Before predicting the scores, the five-way whole genome multiple alignments (mafs) were first filtered using mafFilter83 to discard blocks which have sequences less than five and to remove gap only columns from the blocks. The filtered mafs were then sorted using ‘maf-sort.sh’ script from LAST (https://github.com/UCSantaCruzComputationalGenomicsLab/last.git)84.

Broad annotations for CDS, exons, introns and UTRs of ON were downloaded in BED format from Cambridge cichlid browser (http://em-x1.gurdon.cam.ac.uk/cgi-bin/hgTables?hgsid=21982&clade=vertebrate&org=O.+niloticus&db=on11&hgta_group=genes&hgta_track=rmsk&hgta_table=0&hgta_regionType=genome&position=LG2%3A1959784-2269783&hgta_outputType=bed&hgta_outFileName =). Intergenic regions were assumed to be the regions that are not annotated in the whole genome and were identified by using bedtools complement (-i WholeGene.bed -g file_having_chromosome_sizes)85. Ancestral repeats (ARs) were defined to be repeat masked sequences from ON that are also conserved in teleosts. The AR regions were downloaded from cichlid genome browser by taking an intersection (having at least 80% overlap) between repeat masked regions from ON and 8-way cichlids multiple alignments (On_Mz_Pn_Ab_Nb_oryLat2_gasAcu1_danRer7_maf).

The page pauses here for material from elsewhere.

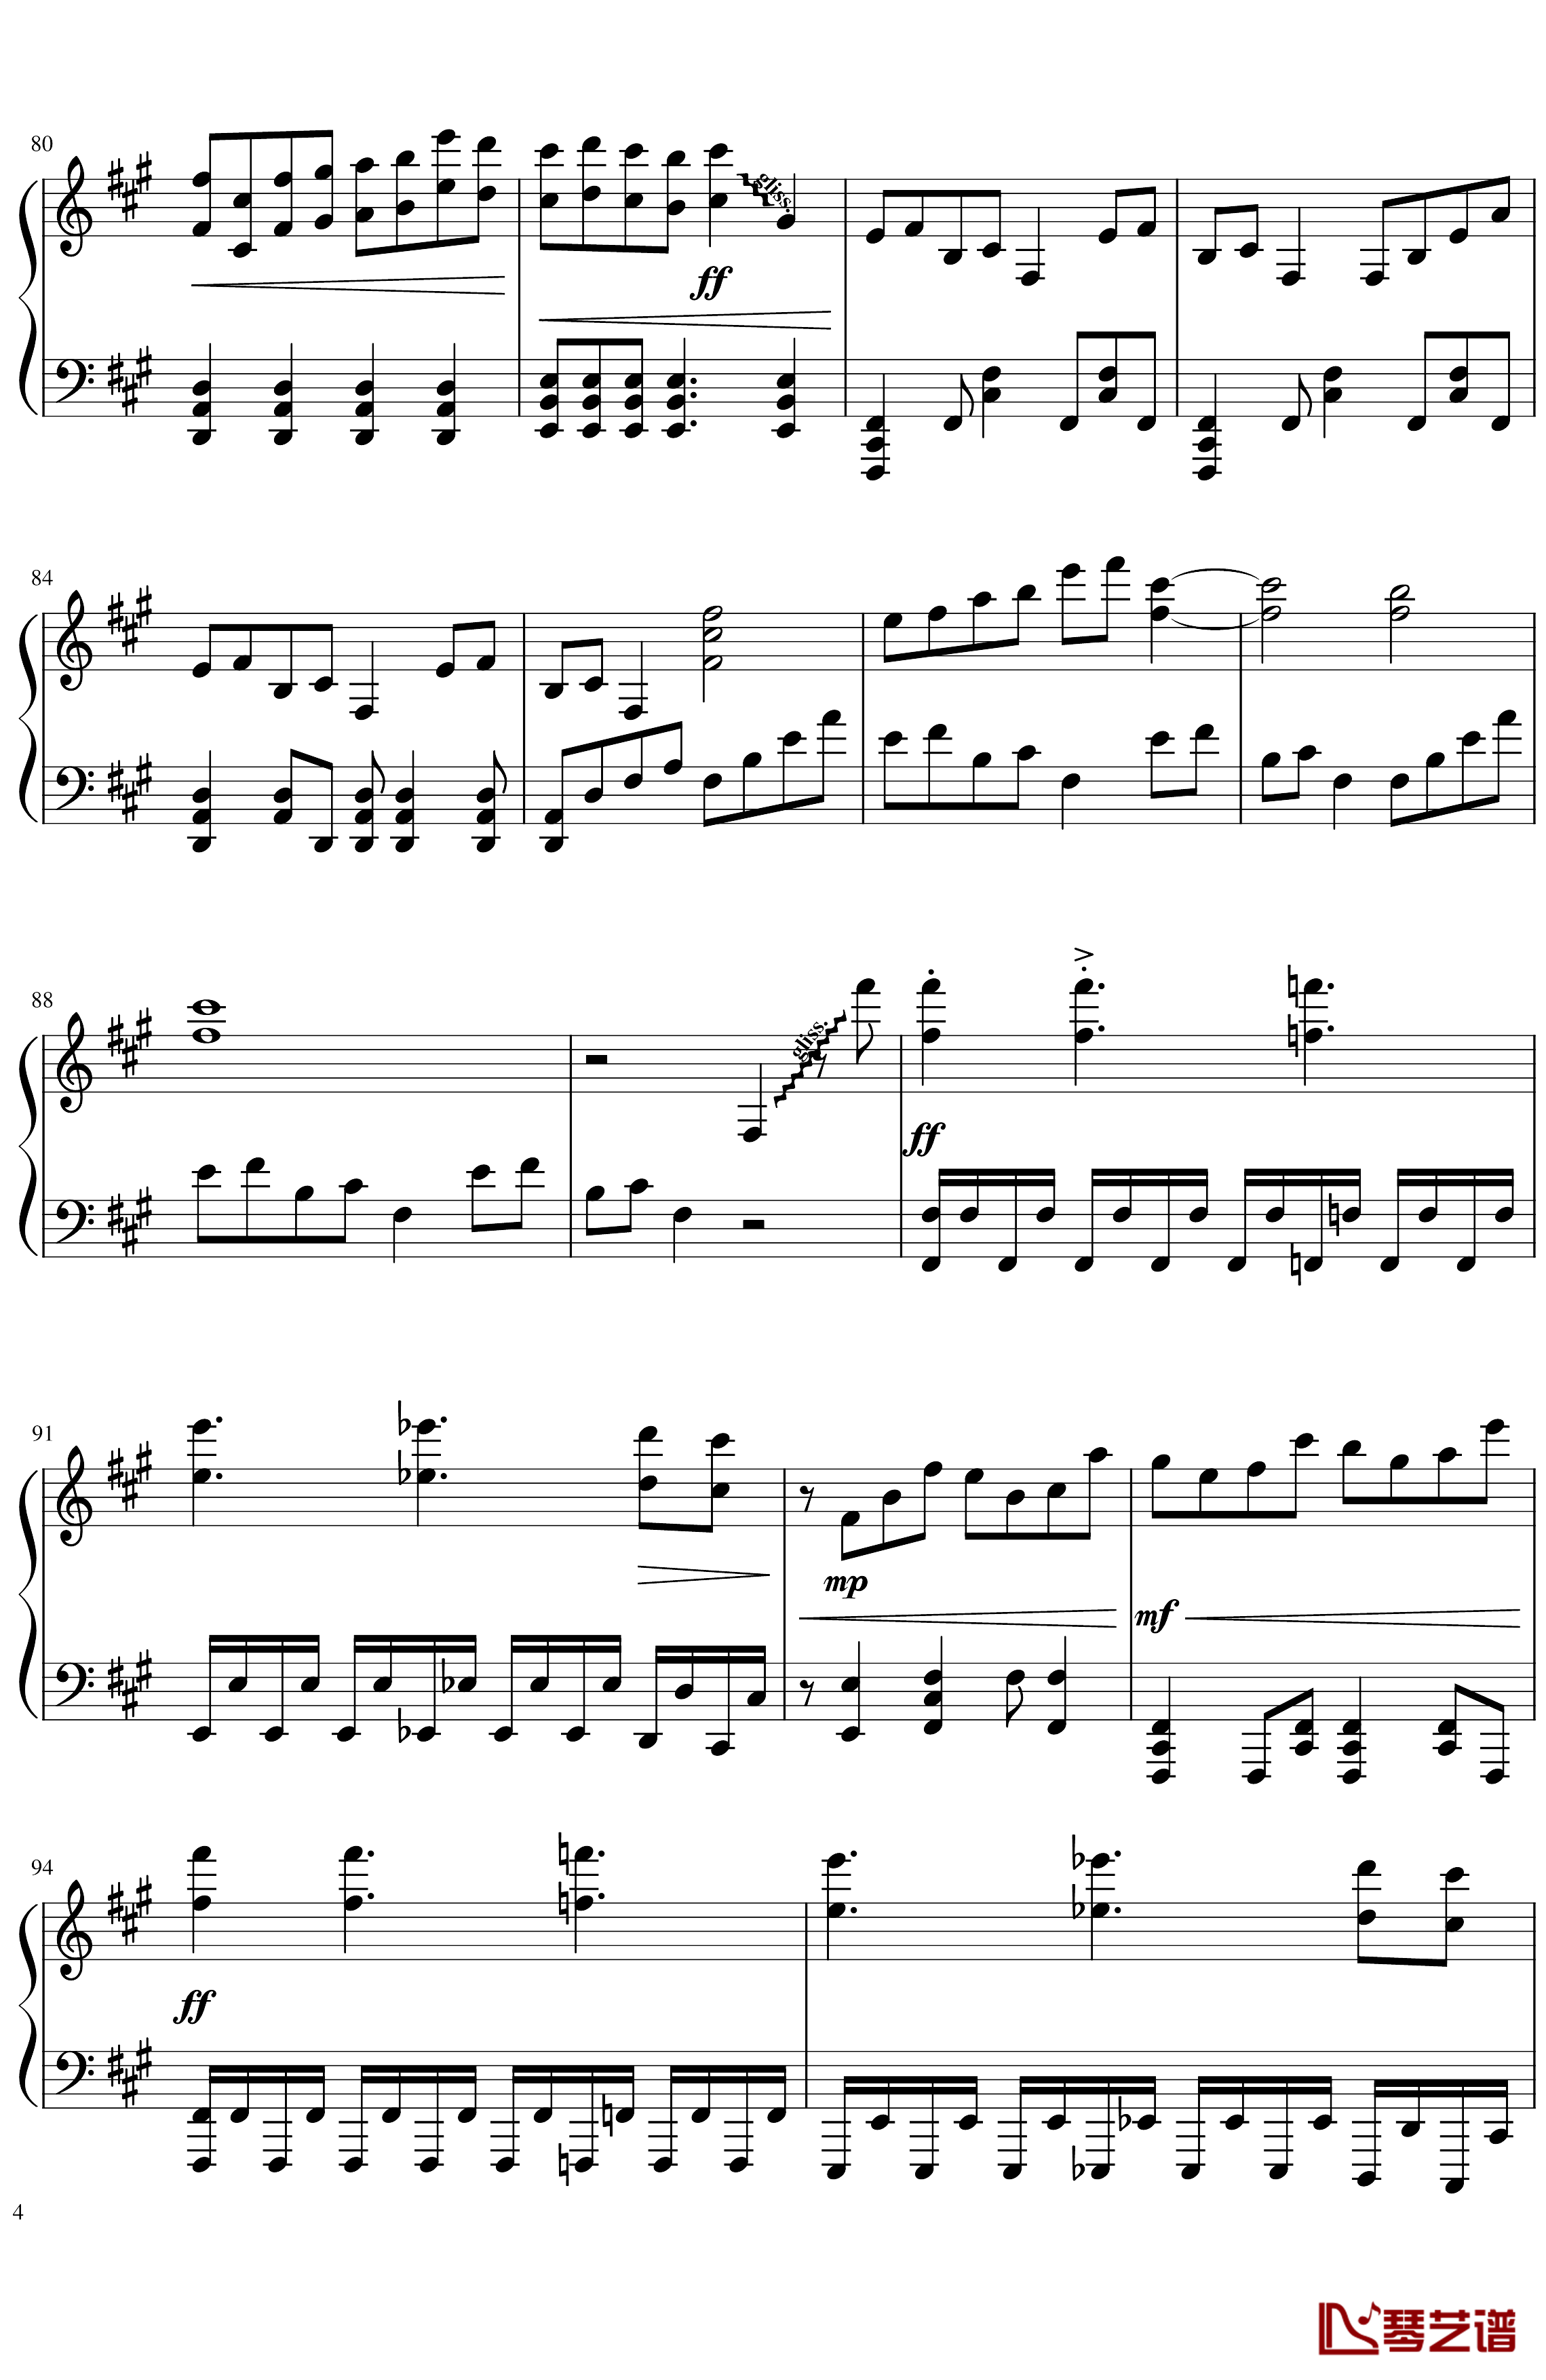 ソロモンの白椿钢琴谱-交响乐转钢琴版-碧蓝航线4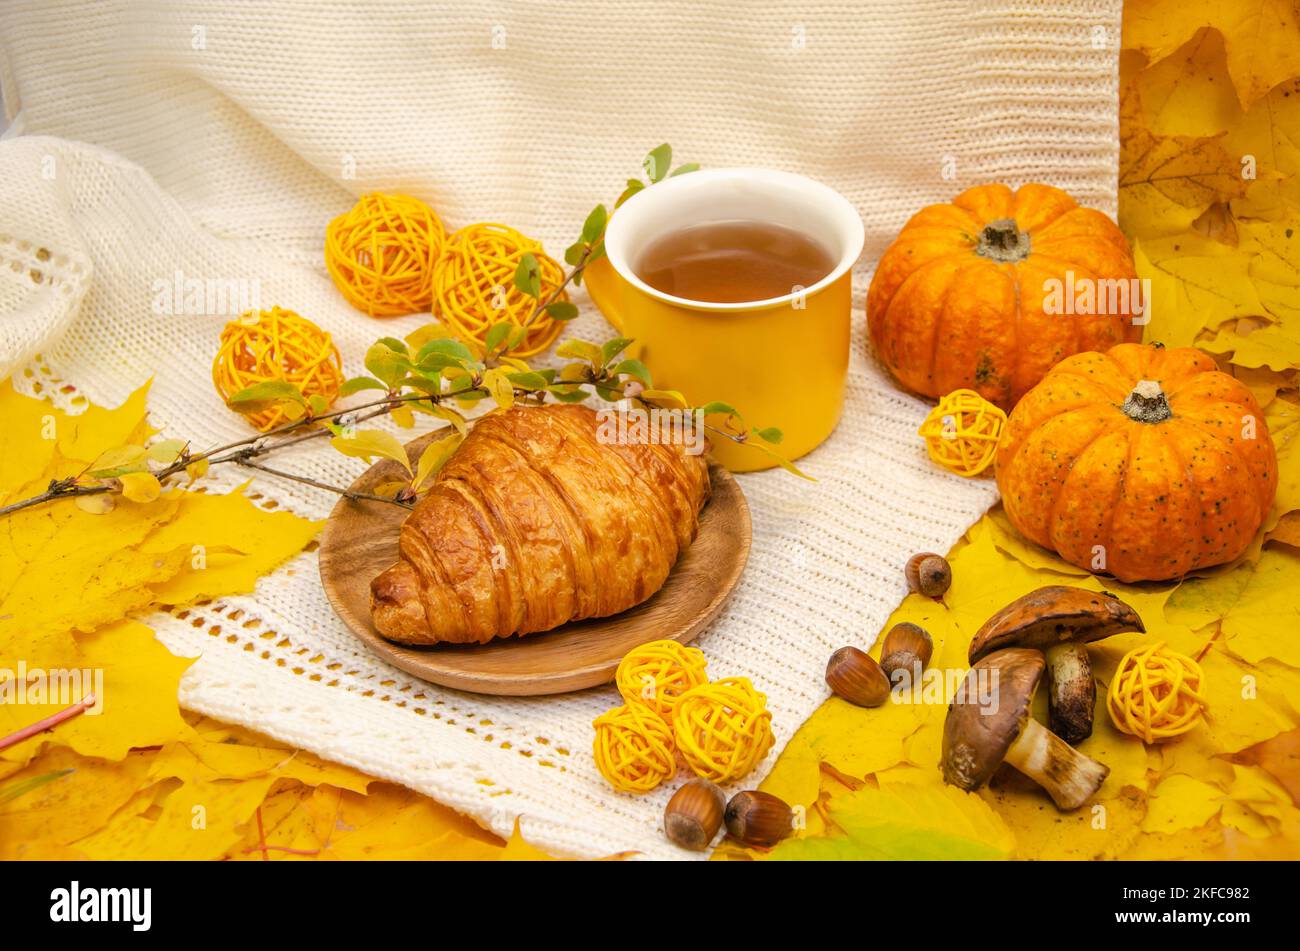 L'automne encore vie dans les tons jaune-orange: Un tricoté blanc à carreaux et feuilles, une tasse jaune et un croissant Banque D'Images

The annotation for all these features were downloaded for the O. niloticus assembly: Broad oreNil1.1/oreNil2.

Divergence time calculation

Divergence time between O. niloticus and P. nyererei based on the nORF regions was carried out by using the Bayesian Evolutionary Analysis Sampling Trees model (BEAST)35, which was run on BEAST v1.10.455. The settings used in the programme were based on those used by Meyer et al.86 and are as follows. Sequence evolution was taken to follow the HKY model87 and the species-tree prior was set to the Yule speciation process88 (Yule 1925). Empirical base frequencies were used and no site heterogeneity was assumed. A strict molecular clock was set, to allow for the most reliable comparison between trees based of nORFs sequences. The sequences were extracted from the Cambridge Cichlid Genome browser by specifying the nORF and AR sequence coordinates in O. niloticus (Broad OreNil1.1/OreNil2 assembly), and extracting the orthologous sequence of the other Cichlid species using the 8-way comparative genomic track option. The DNMT1 gene sequence was extracted manually from NCBI for all the species. The molecular clock was time calibrated with a fossil time constraint. The constraint was set as a lognormal prior distribution with a mean in real space of 45.5 million years ago (MYA) and a standard deviation of 0.5 MYA. This time calibration was based on cichlid fossils estimated to be 45 million years old56. The substitution rate was fixed to allow better comparison between trees. The neutral model was set at 1 and any deviation from this was taken into account while building the trees. A chain length of 10 million Markov Chain Monte Carlo (MCMC) was used to construct each tree.